Klar, das Angebot aus Nordost-Syrien ist nicht ohne Haken. Aber es ist zumindest eine Gelegenheit, ein drängendes Problem anzugehen. Die Flüchtlingspolitik in Deutschland hat sich in den letzten Jahren immer mehr zur Sackgasse entwickelt. Integration funktioniert nicht im Handumdrehen, und viele Syrer haben längst ihre Hoffnung auf eine langfristige Perspektive hier verloren. Eine Rückführung wäre für viele eine echte Chance – und für Deutschland eine Möglichkeit, endlich das endlose Gerede zu beenden und praktische Lösungen zu finden.

Aber nein, Berlin will lieber nicht hinschauen. Lieber lässt man die Dinge weiterlaufen, als Verantwortung zu übernehmen. So vergeht die Zeit, und das nächste Angebot – wenn es denn noch eines gibt – wird ebenso ignoriert werden. Pragmatisches Handeln? Fehlanzeige. Stattdessen gibt es die übliche Berliner Mischung aus Zögern, Zaudern und Wegducken. So macht man das in der Hauptstadt.

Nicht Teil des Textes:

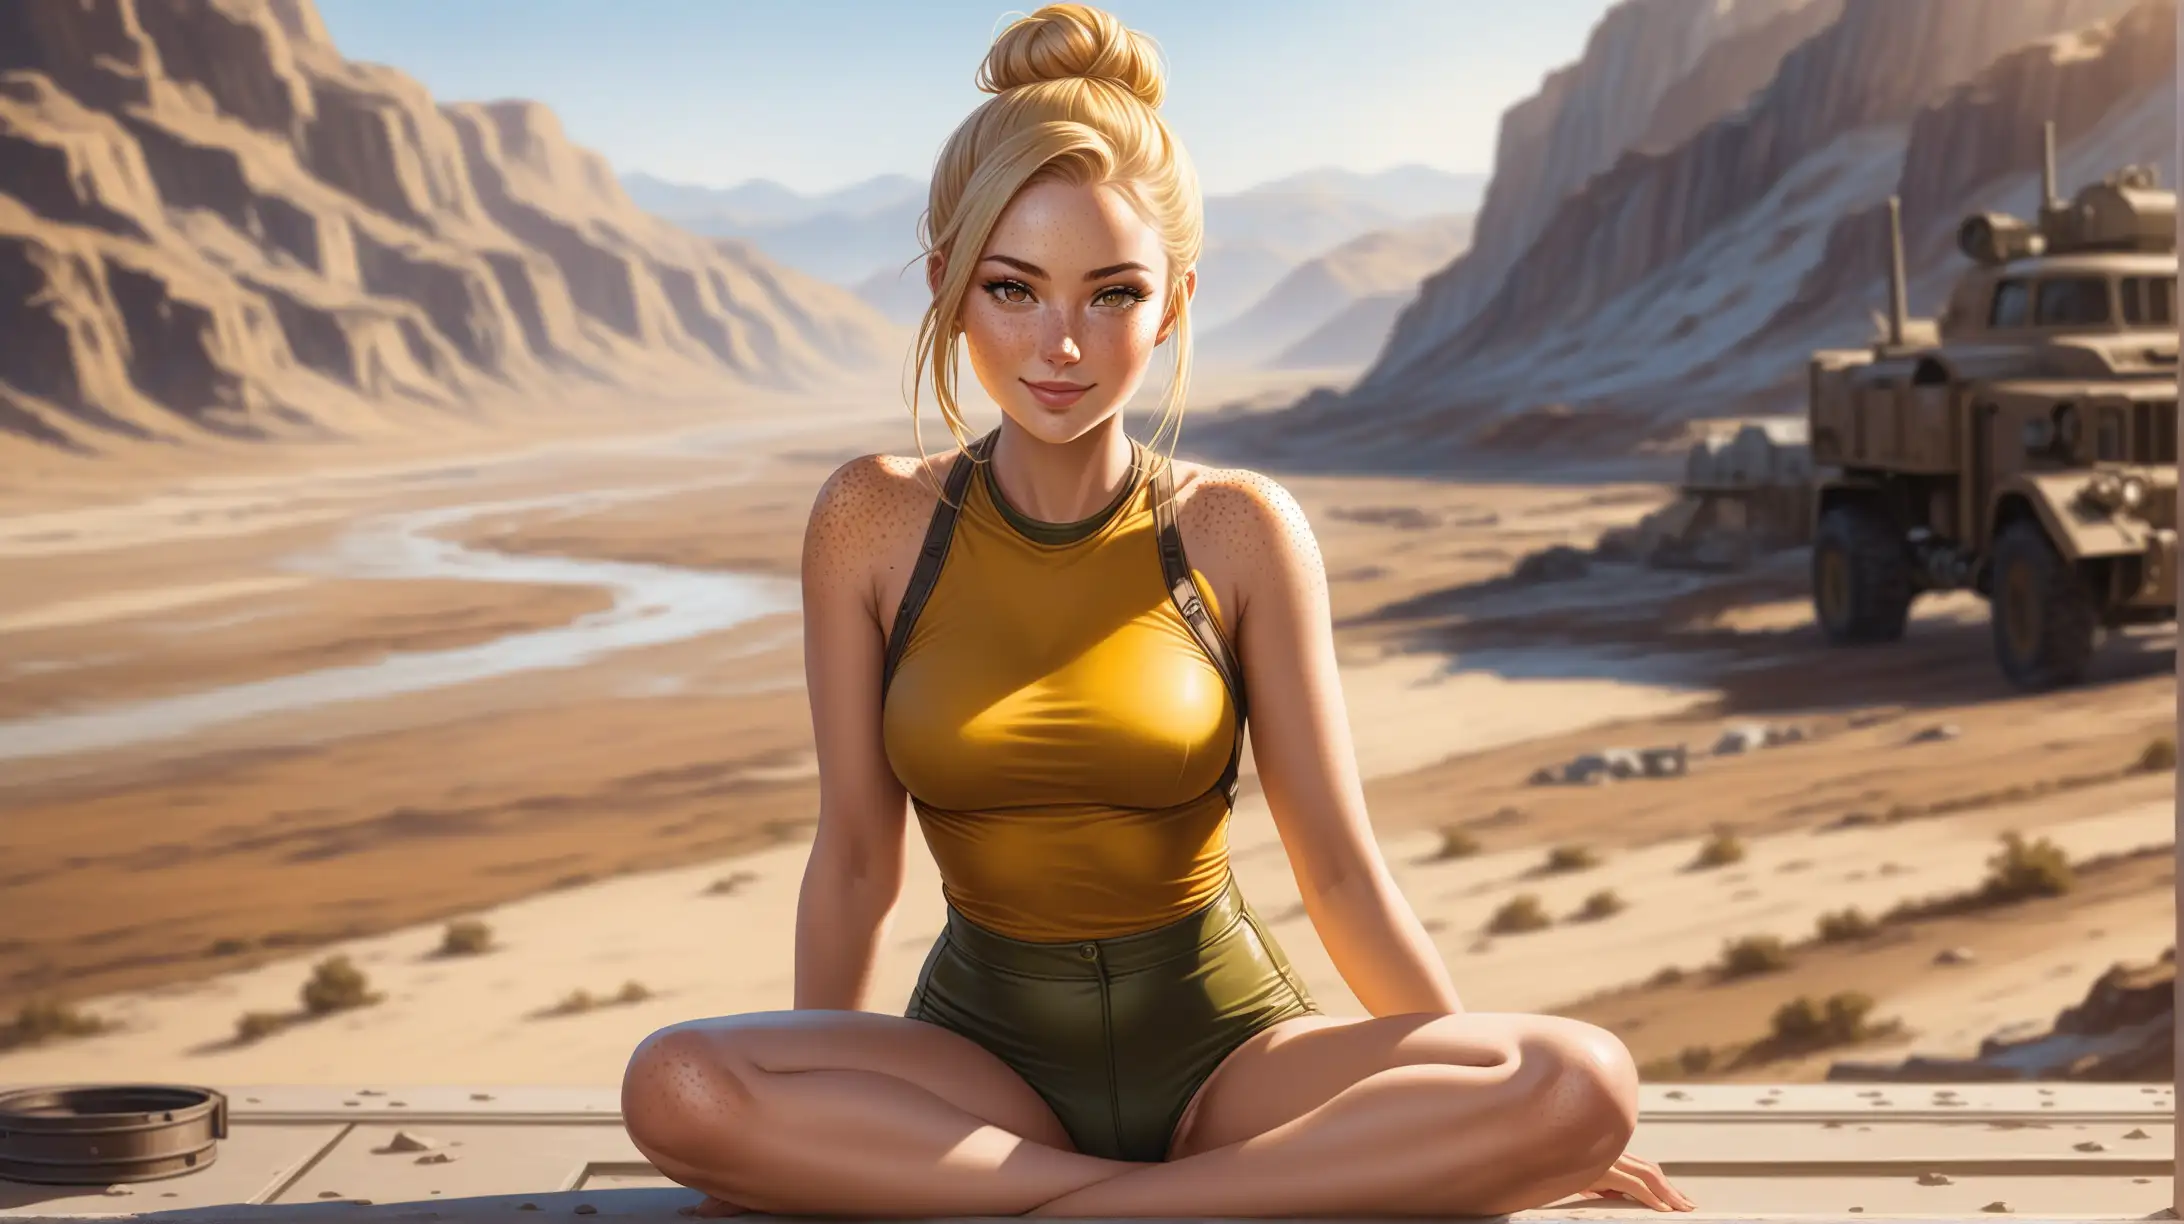 Seductive Blonde Woman Outdoors with FalloutInspired Outfit

Am Ende bleibt die Erkenntnis: Einmal mehr bleibt ein Angebot ungenutzt, weil es in der deutschen Politik offenbar schwerfällt, auf pragmatische Lösungen zu setzen. Lieber lässt man die Dinge im luftleeren Raum hängen, als mutig voranzugehen. Syrer könnten zurückkehren – doch Berlin will davon nichts wissen.